### Your instructions:
Set out word for word the line that contains "SAINT PETERSBURG, RUSSIE" and each line after it, through the end of the data below, but exclude the pictures.

### Supplied information:
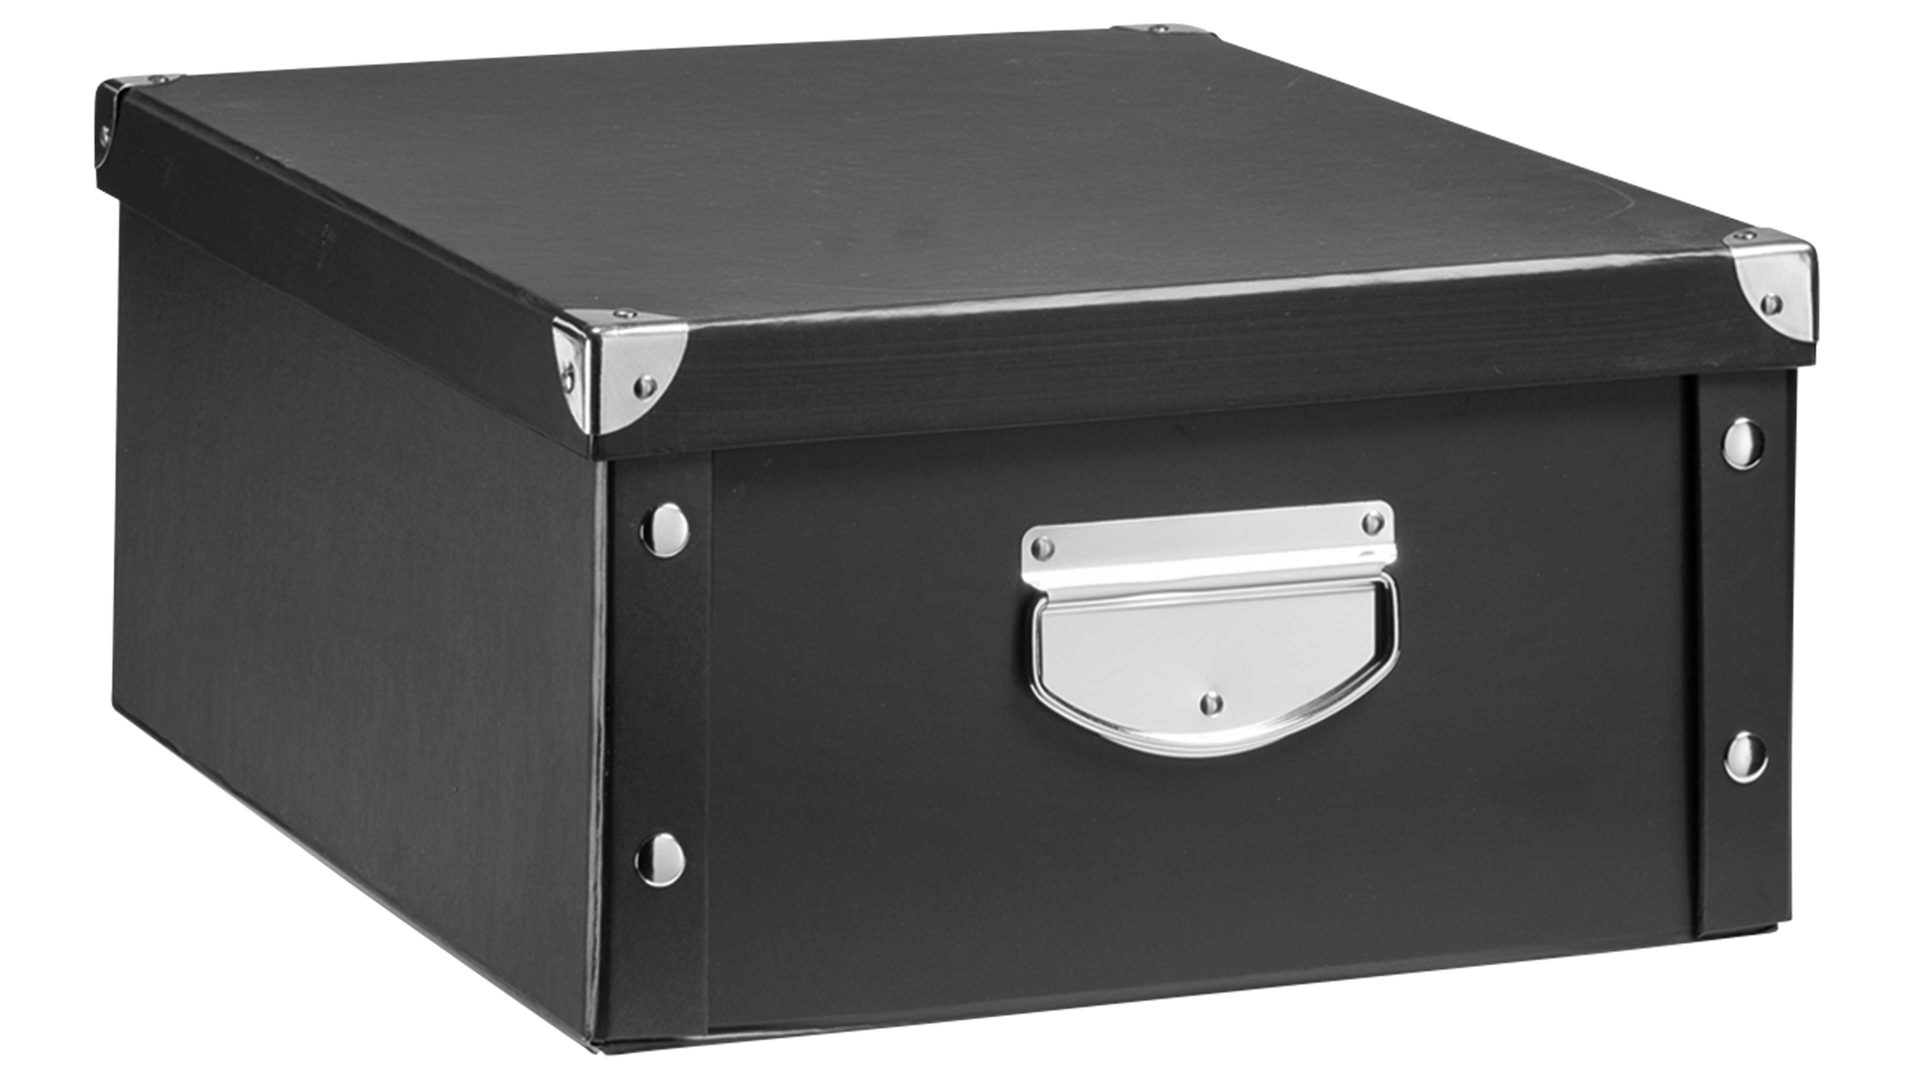 Aufbewahrungsbox Zeller present aus Karton / Papier / Pappe in Schwarz zeller Aufbewahrungsbox schwarze Pappe - ca. 33 x 40 cm
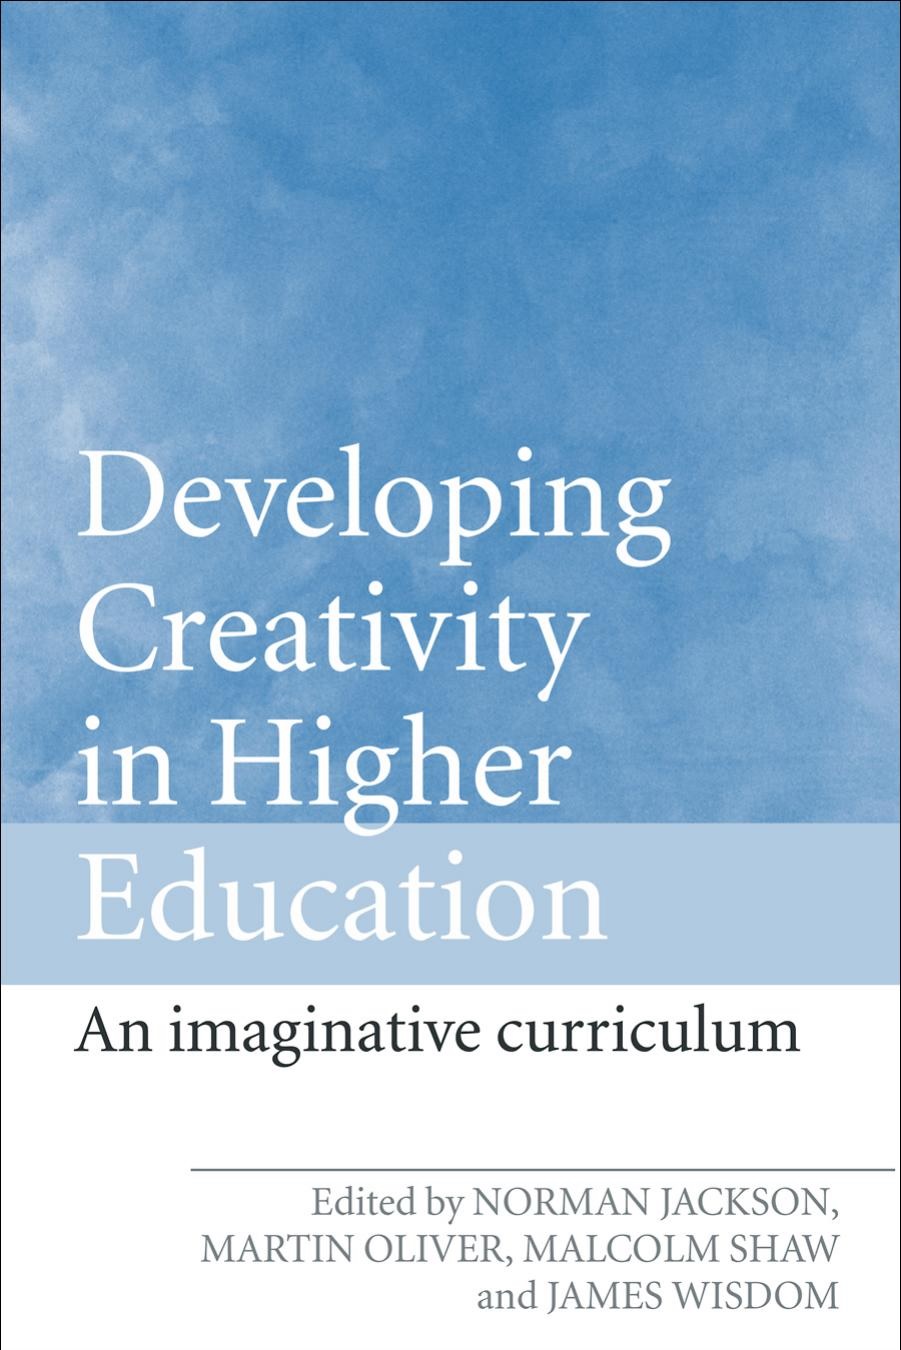 پرورش خلاقیت در آموزش عالی: برنامه درسی تخیلی (جکسون و همکاران، ۲۰۰۶)
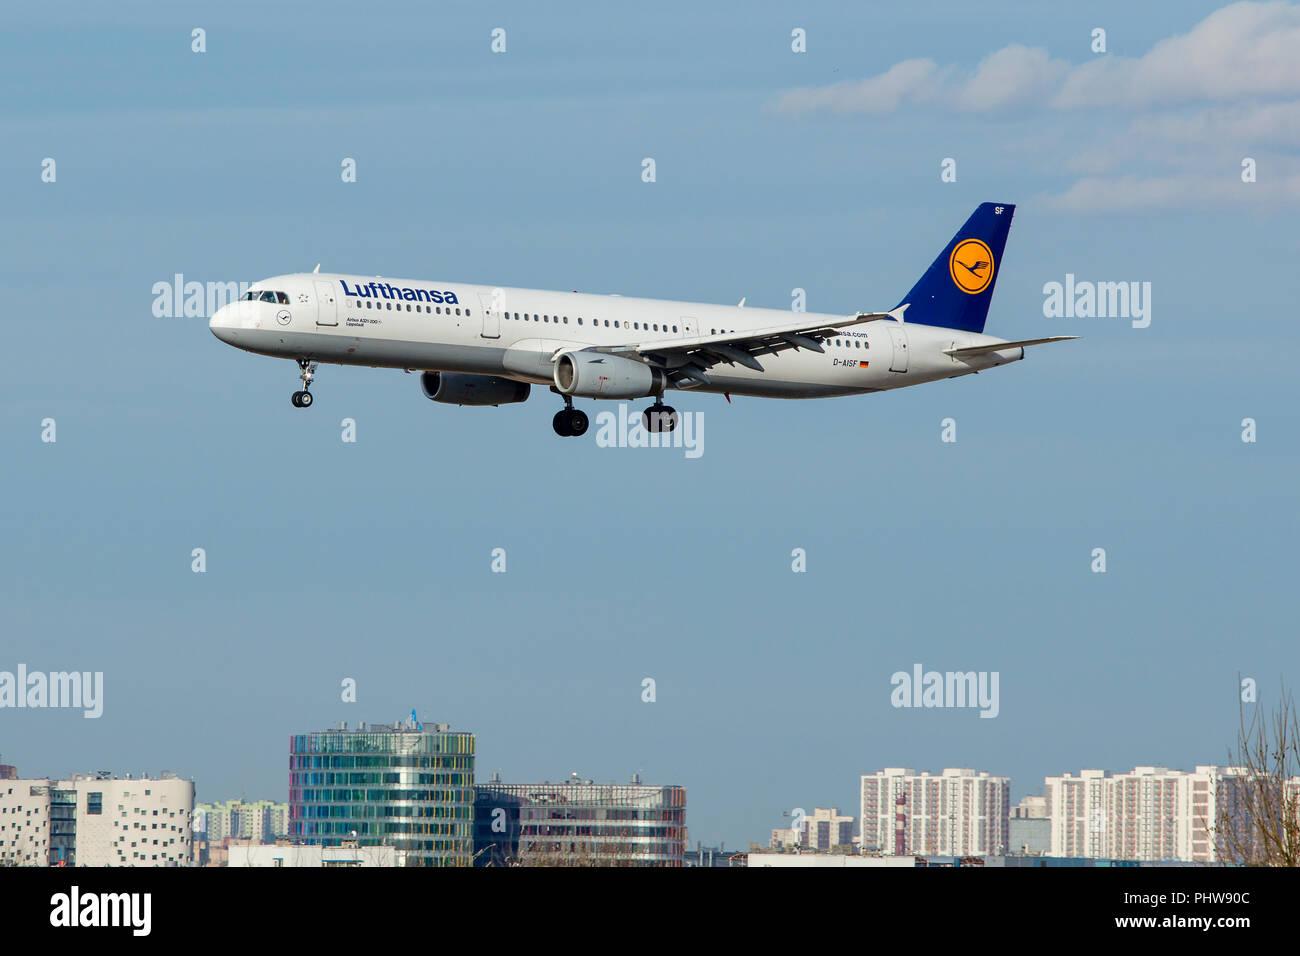 SAINT PETERSBURG, RUSSIE - 09 avril, 2017 : Aux commandes de l'Airbus A321-231 (D-AISF) compagnie aérienne "Lufthansa" Banque D'Images
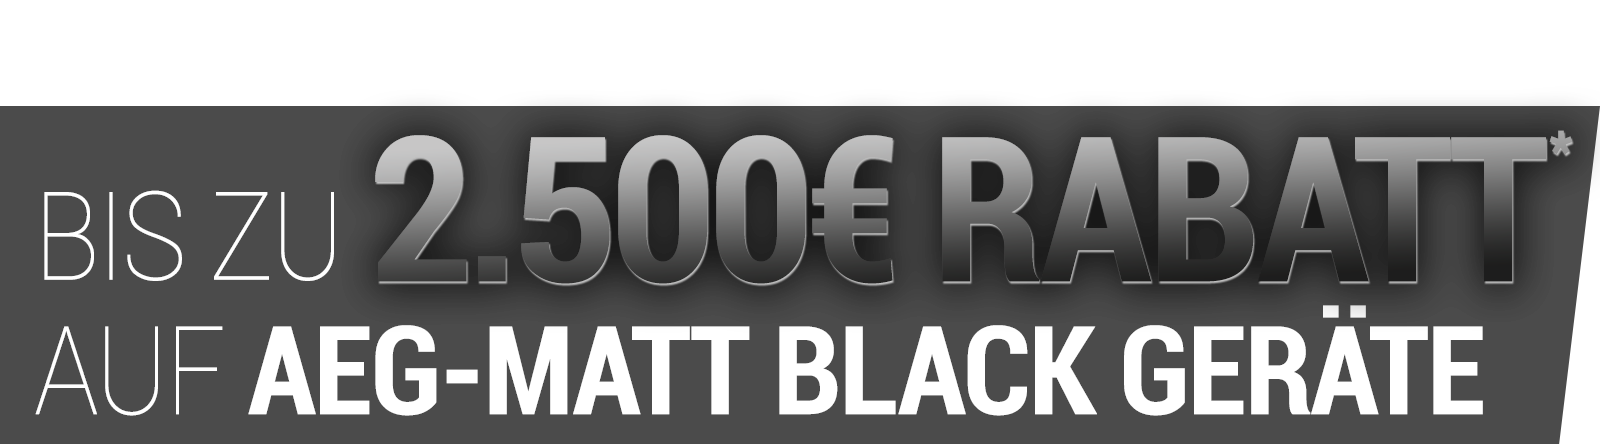 Bis zu 2500 Euro Rabatt auf AEG-Matt Black Geräte

### Answer for this exercise:
 SAINT PETERSBURG, RUSSIE - 09 avril, 2017 : Aux commandes de l'Airbus A321-231 (D-AISF) compagnie aérienne "Lufthansa" Banque D'Images
 Bis zu 2500 Euro Rabatt auf AEG-Matt Black Geräte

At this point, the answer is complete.